Начать следует с гендерных характеристик: древнегреческие кентавры неизменно однополы. “Кентаврессы” начинают появляться в античной изобразительной традиции очень поздно — уже в эллинистическую и римскую эпохи, тогда же, когда другие греческие “иппоандры”, сатиры, приобретают (через ассоциацию с Паном) вместо конских ног и хвостов несвойственные им от природы козлиные. По справедливому замечанию М. Паджетта, и кентавры, и сатиры “агрессивно маскулинны”, едва ли не единственное их стремление — это стремление к удовлетворению страсти к “сексу, еде и выпивке”4. При этом единственная сфера из трех, в которой кентавры, вне всякого сомнения, успешны, — это добыча продуктов питания, причем достаточно специфических. Кентавры — прирожденные охотники, и обычный атрибут этих существ в архаической иконографии — переброшенное через плечо цельное дерево, необработанное, с ветвями и листьями, к которому подвешена охотничья добыча — тоже необработанные туши убитых животных. Об успехах сатиров в этой области нам ничего неизвестно. Однако, судя по тому, что в смежной области — войне — кентавры агрессивны и регулярно поставляют героям сопоставимых с ними по доблести противников, сатиры же трусливы и смешны, охотники из сатиров должны получаться не слишком удачливые. В том же, что касается вина и секса, как кентавры, так и сатиры — действительно нелюди, хотя и каждый на свой манер. Кентавры, выпив вожделенного напитка, впадают в буйство и проявляют свои самые дурные, “звериные”, античеловеческие качества. Сатиры идут тем же путем, с понятной поправкой на проявляющиеся свойства: вместо агрессивности, нарушения законов гостеприимства и договорных обязательств они выказывают другие, противоположные по шкале героическое/шутовское, но равно неприемлемые формы хюбриса — эгоцентризм, неразборчивость и т.д.

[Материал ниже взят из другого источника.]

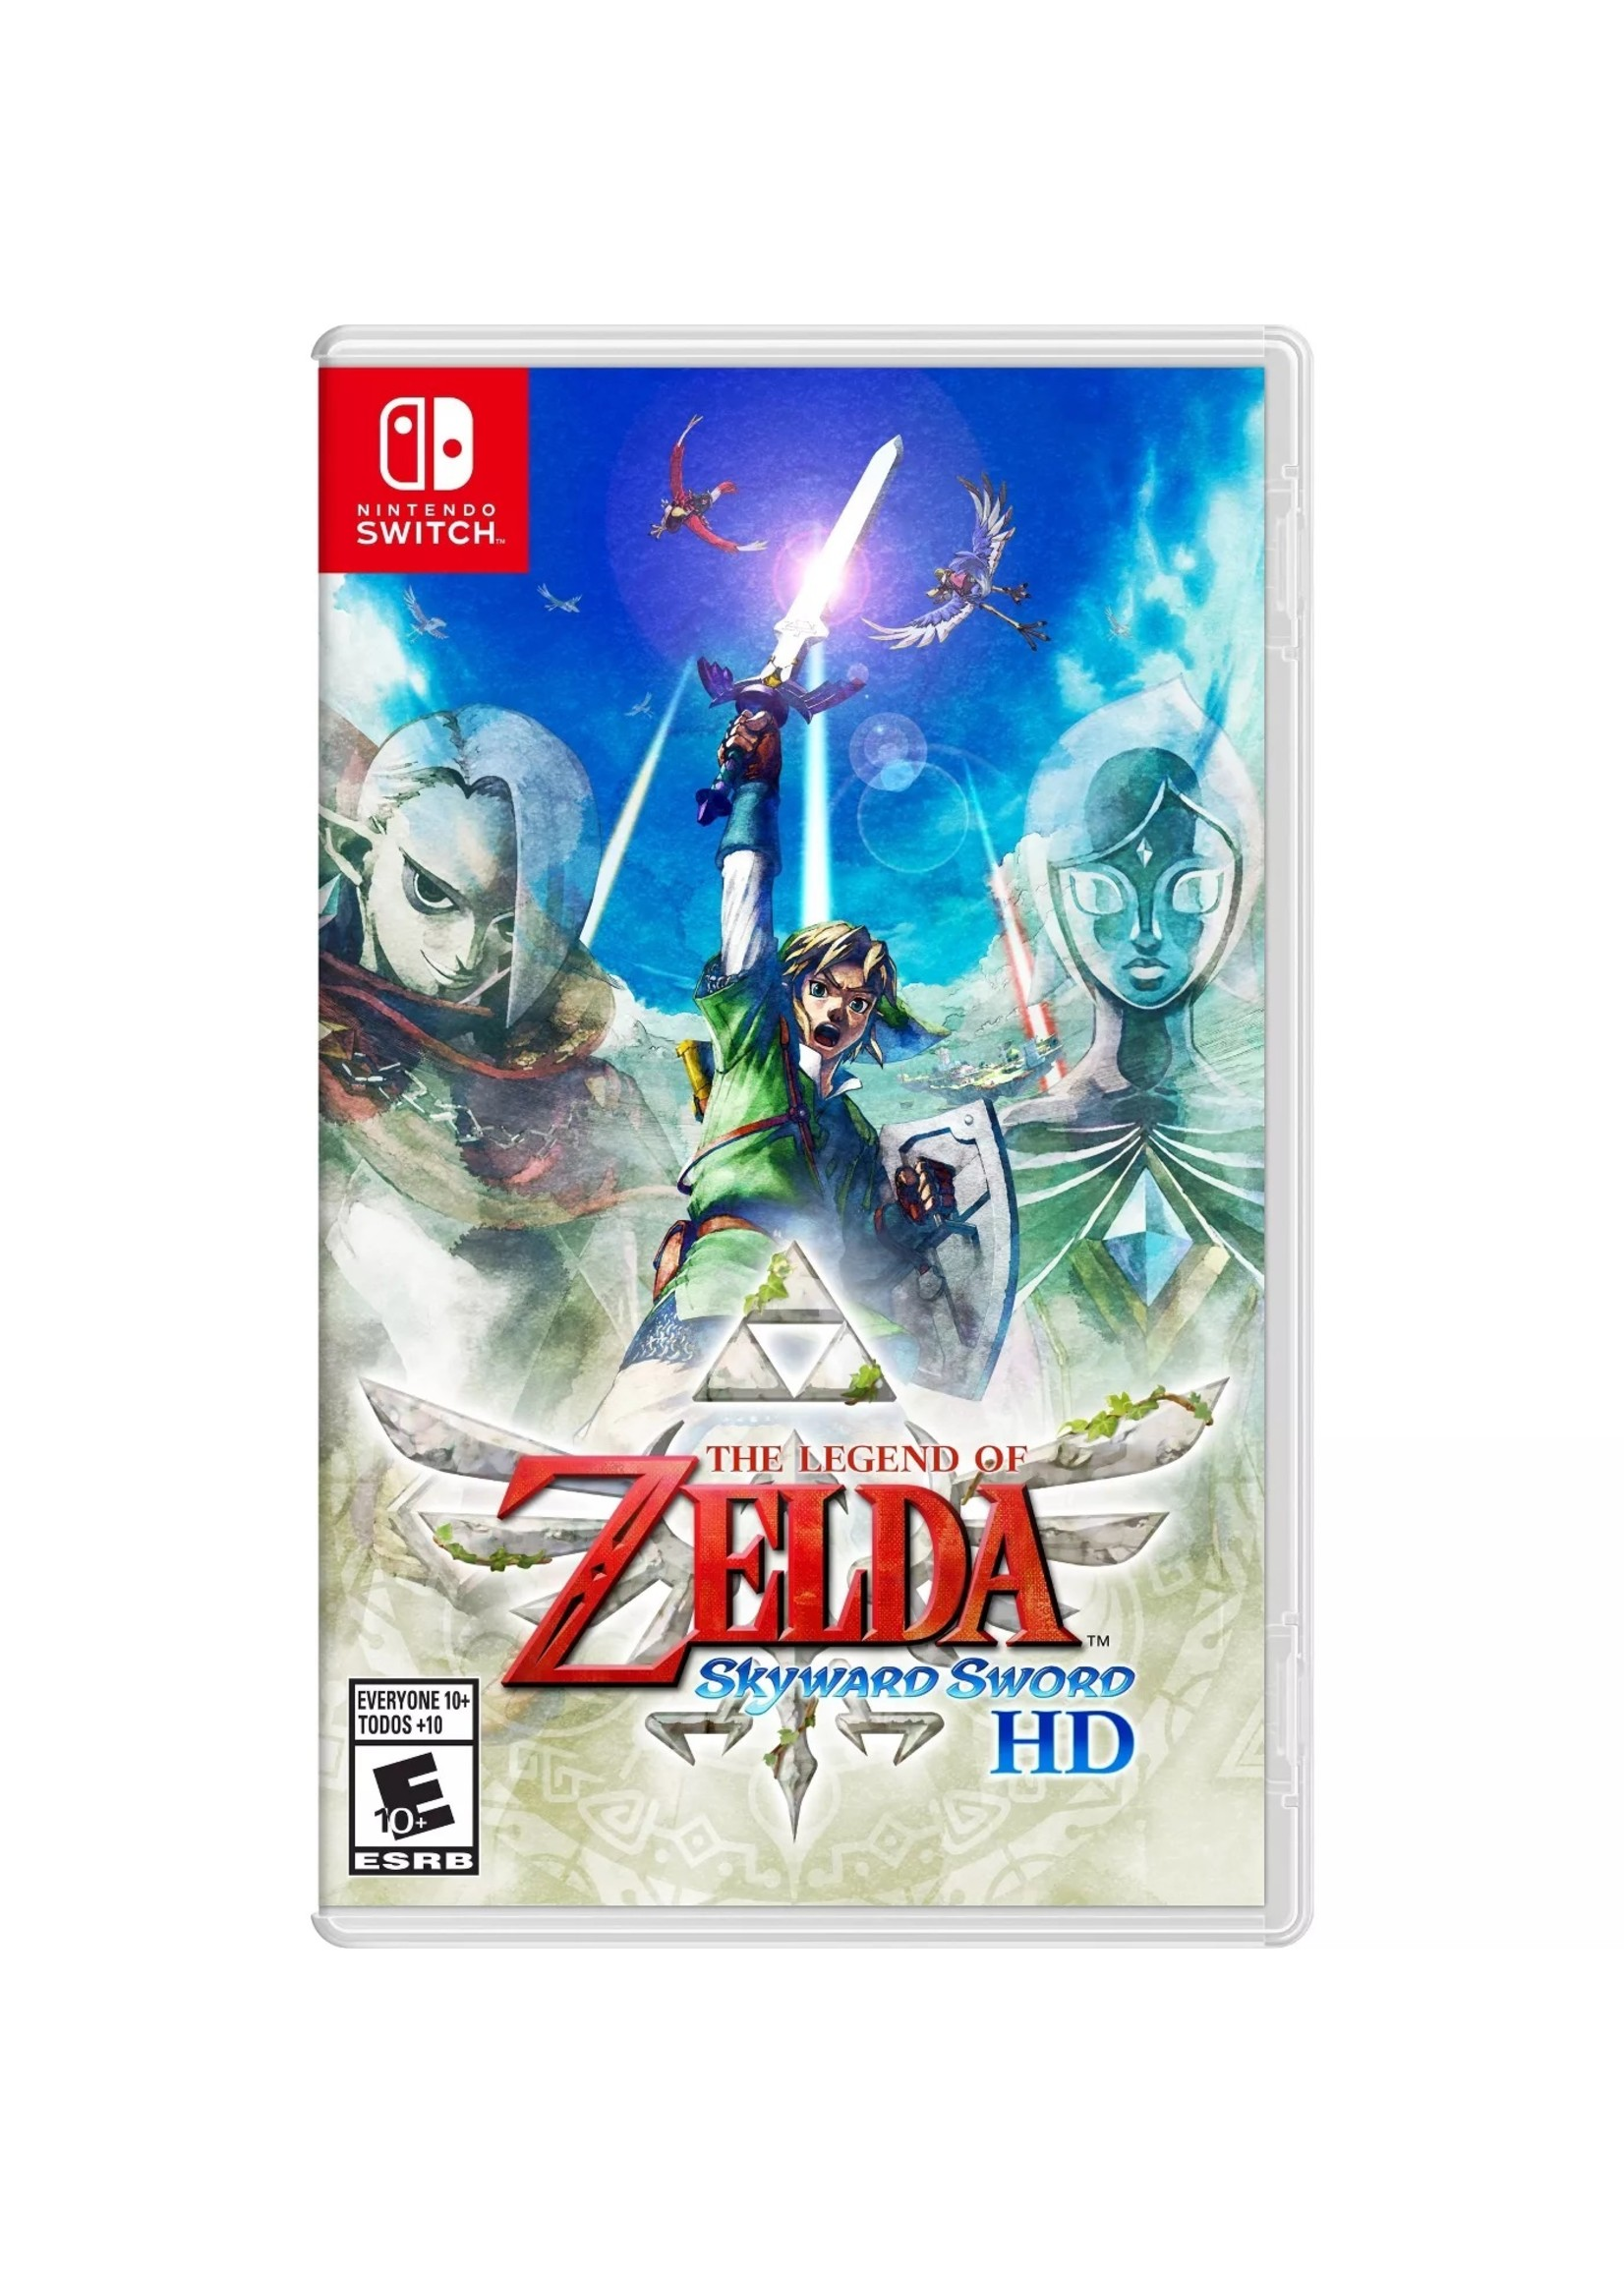 The Legend of Zelda: Skyward Sword HD - SWITCH NEW

Но главная область, в которой и тех, и других подстерегают неизбежные и неизменные неудачи, — это секс с женщинами. Сатиры постоянно преследуют менад, женскую часть фантастической свиты Диониса, однако, судя по всему, никто и никогда в греческой архаике и классике не изображал сатира, совокупляющегося с менадой или с другой “человекоподобной” женщиной — при изобилии сцен, в которых сатиры совокупляются с кем и чем угодно, от товарищей-сатиров до животных и неодушевленных предметов5. Сексуальная неуспешность сатиров в отношениях с “нормальными” женщинами носит характер тотальный и принципиальный. То же можно сказать и в отношении кентавров: в большинстве связанных с ними сюжетов6 они так или иначе пытаются “вступить в брак” с человеческими женщинами, делают это откровенно неподобающими, хюбристическими способами и несут за это жестокое наказание. Помимо очевидного в данном случае сюжета о свадьбе Пирифоя и Ипподамии, можно вспомнить сюжеты о Геракле-Деянире-Нессе или о двух кентаврах, Хюлее и Ройке, пытавшихся изнасиловать Аталанту.
Итак, кентавры и сатиры едины не только в том, что представляют собой разные варианты физического (знакового) смешения двух пород, людской и конской. Их человеческая составляющая специфицирована достаточно четкими дополнительными характеристиками, разнящимися по качеству, но одинаковыми по сути. Во-первых, она чисто мужская. Во-вторых, она антисоциальна, хюбристична. В-третьих, она связана со способами деятельности и формами поведения, свойственными конкретным пространственным зонам (ε’′σχατα) θ социальным статусам (до- и внегражданским). Все это уже давно дало основания Дюмезилю связать кентавров с институтом воинских (юношеских) мужских союзов7. Дюмезиль, правда, пытался отталкиваться при этом от неких ритуалов, знаменующих весеннее обновление природы, что для нас никак неприемлемо8, — но общий ход его мысли представляется вполне оправданным.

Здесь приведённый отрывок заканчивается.